Although there were hopes and dreams for one or more new Mac-related announcements at this week’s WWDC, for the first time in memory, Apple talked about something else. You heard about the iPhone 4 and iOS 4, and certainly there was more than enough meat and potatoes to whet one’s appetite. But what about the Mac?
And, no, I don’t believe Apple plans to dump the Mac anytime soon. But a Mac is not forever either. In any case I’ll have more to say about that in the next article.
Now even though photos and component breakdowns of two prototypes of the new iPhone were already posted far and wide, seeing the real thing in action was no doubt a pleasant surprise for many of you. Yes, there is that controversy over whether Apple’s “retina display” feature truly eliminates visible pixels when you’re looking at the gadget’s display from a normal viewing distance, but the fact that Apple tried to add features that aren’t on the radar for makers of competitive products demonstrates once again they are a decidedly different company. They also seem to have at least some degree of respect for their customers.

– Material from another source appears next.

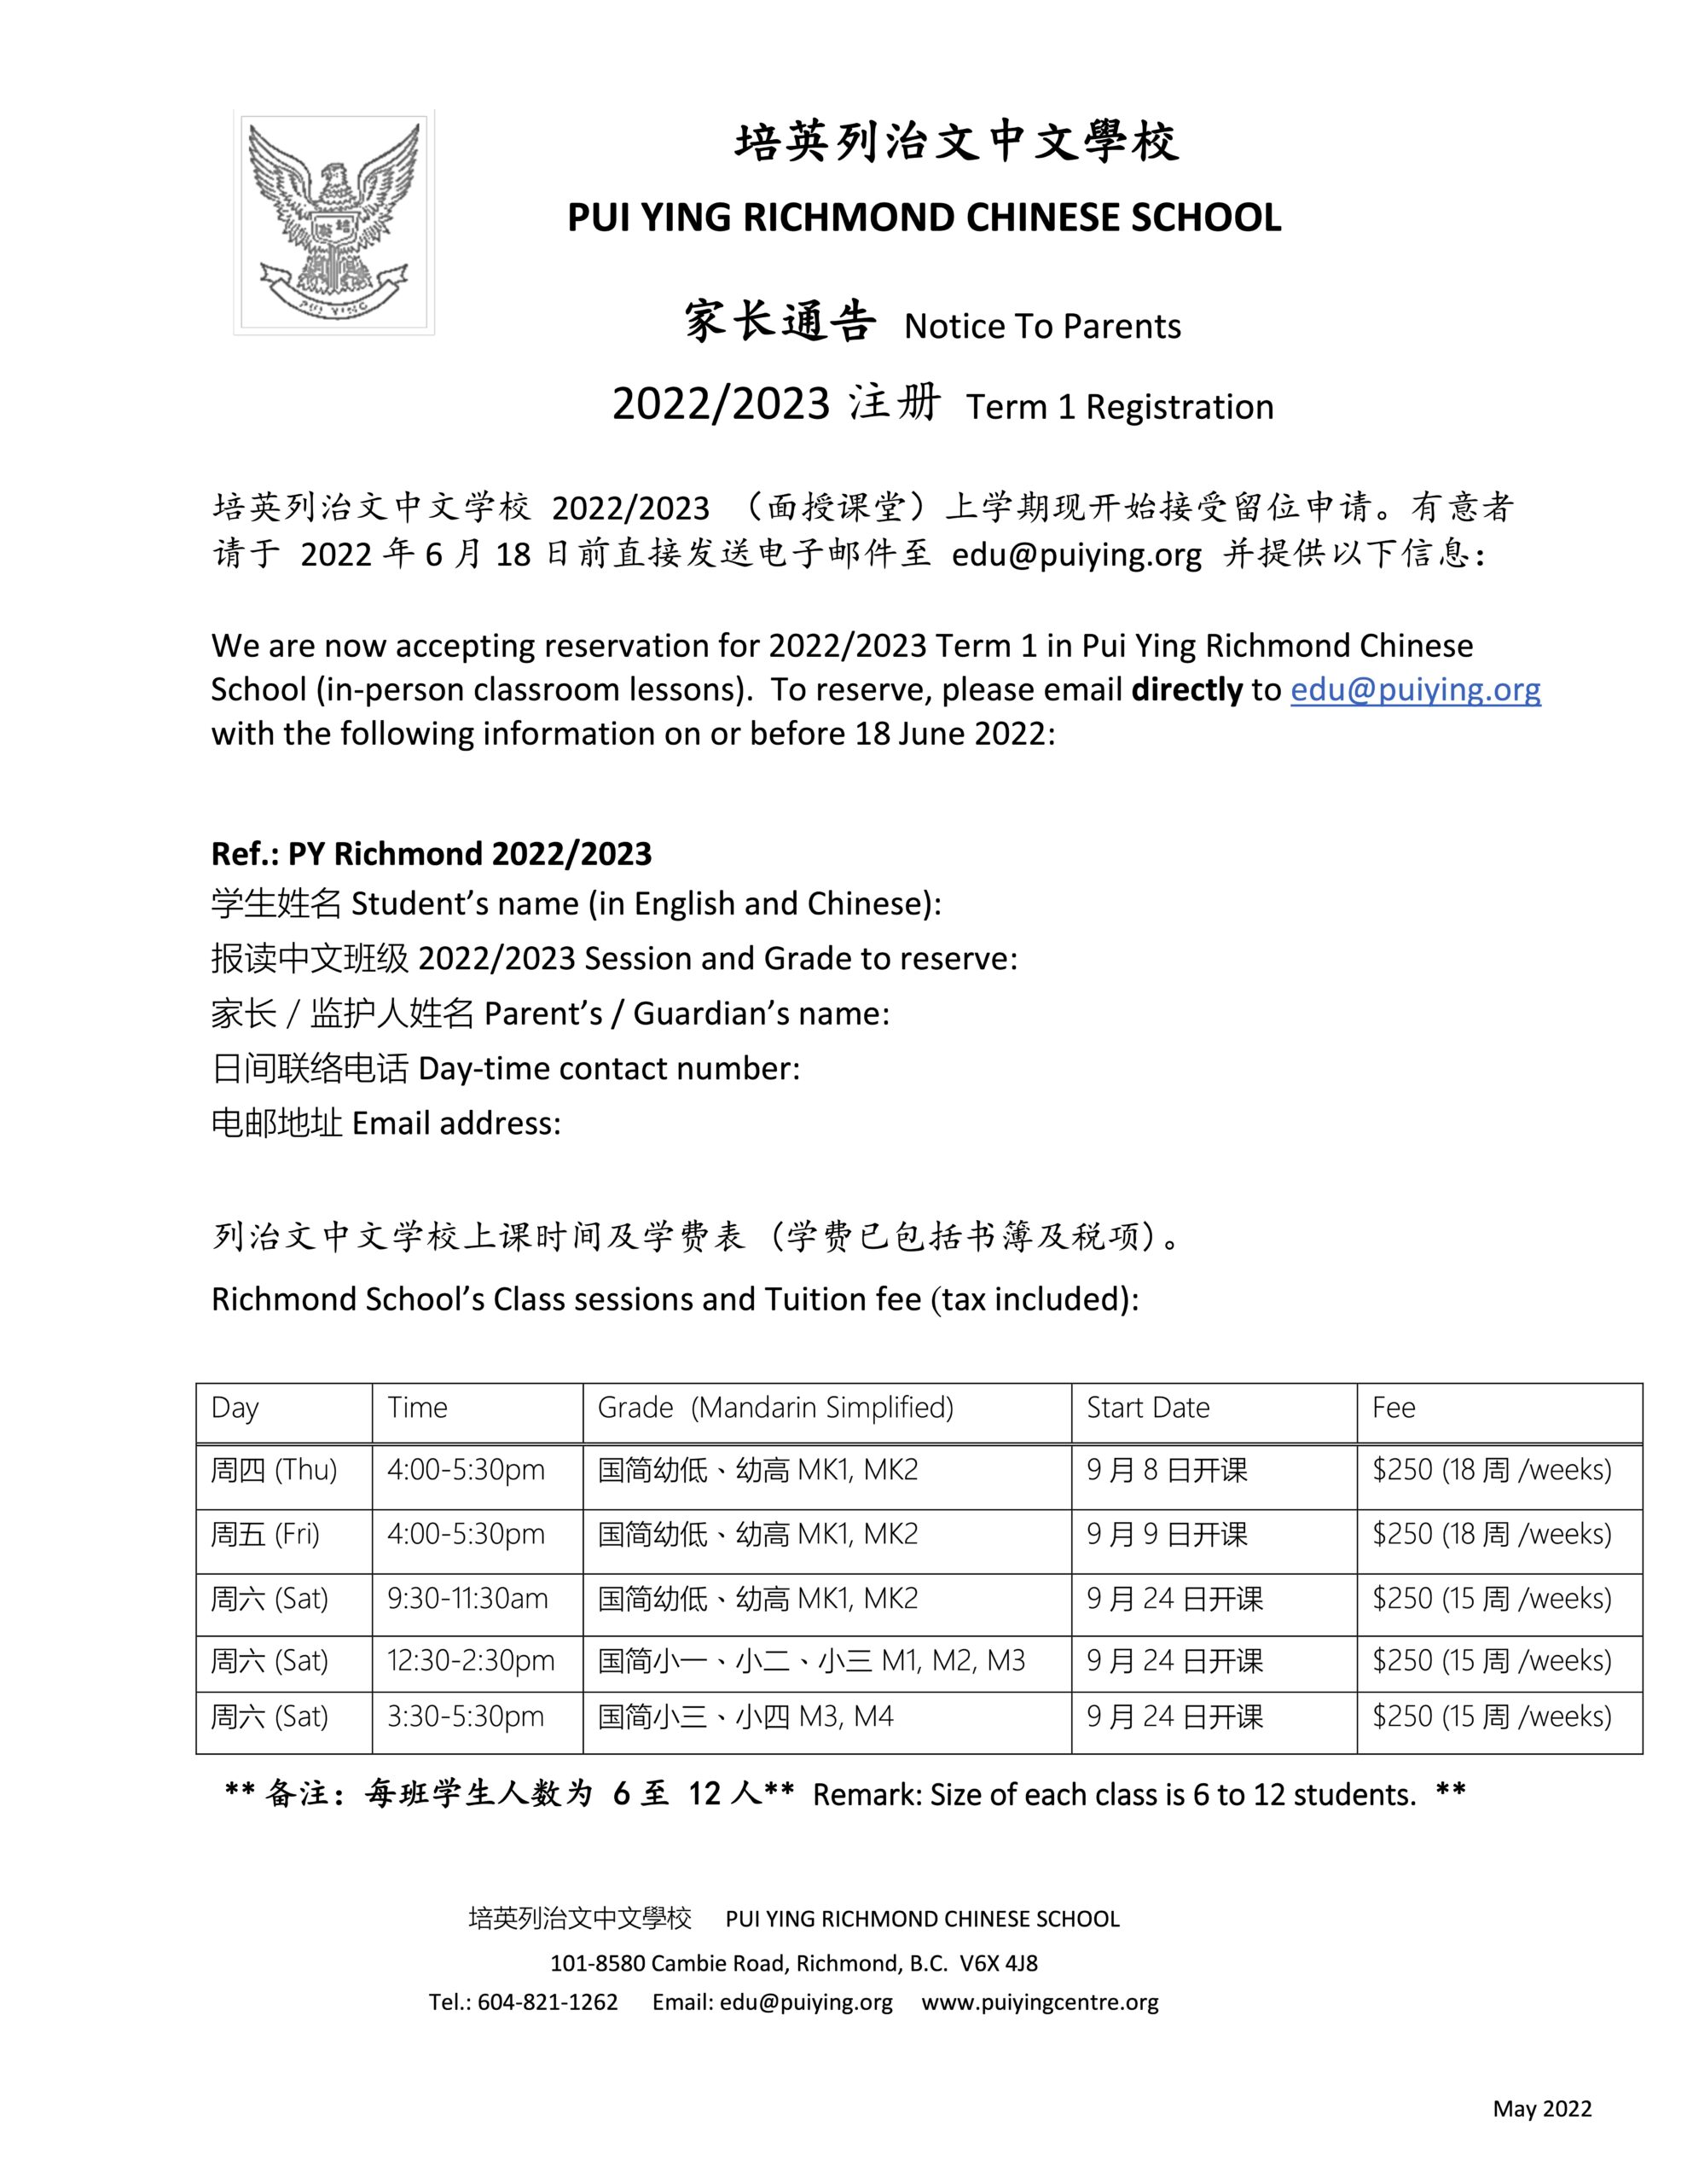 Richmond Chinese School Registration 1 (1)

On last week’s episode of The Tech Night Owl LIVE, The Night Owl and our team of guest experts dissected the announcements that emerged from Apple’s WWDC keynote.
Along for the ride were Adam Engst, Editor/Publisher of TidBITS and Take Control Books, industry analyst Ross Rubin, of the NPD Group, and Peter Cohen, a tech columnist who is also one of the “Angry Mac Bastards.”

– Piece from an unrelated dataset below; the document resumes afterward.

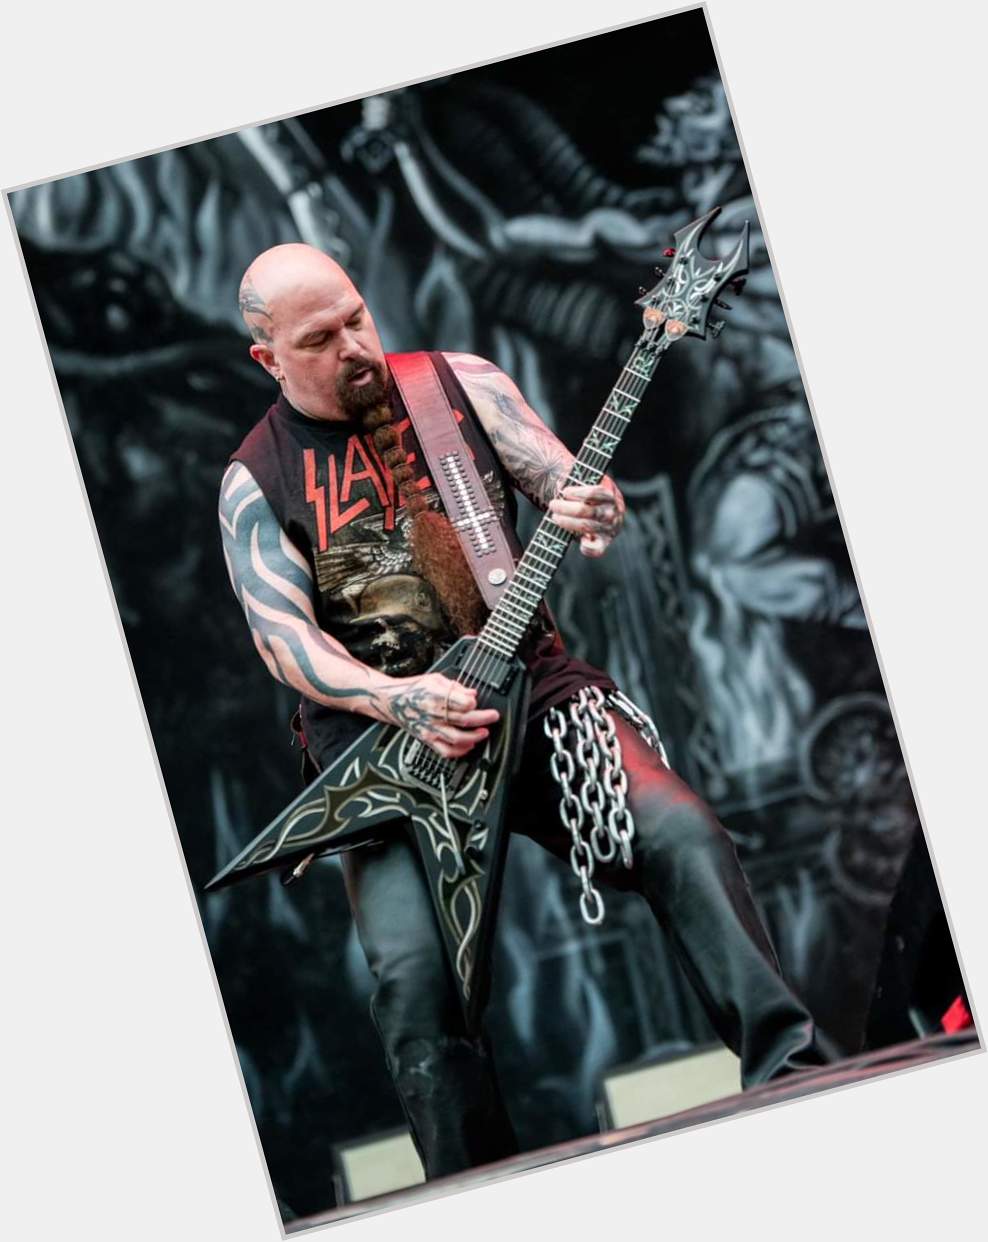 Happy Birthday to Slayer guitarist Kerry King!

This week on our other show, The Paracast, co-host Christopher O’Brien introduces UFO/humanoid researcher Albert S. Rosales, who not only brings you up to date on these unusual encounters throughout history, but reports on his own amazing personal experiences.
Coming June 20: Co-host Paul Kimball presents the dean of UFO investigators, Stanton T. Friedman, and Kathleen Marden, co-authors of “Science Was Wrong: Startling Truths About Cures, Theories, and Inventions ‘They’ Declared Impossible.” It’s not just about UFOs folks, since there’s a lot of ground to cover that takes you out of that topic.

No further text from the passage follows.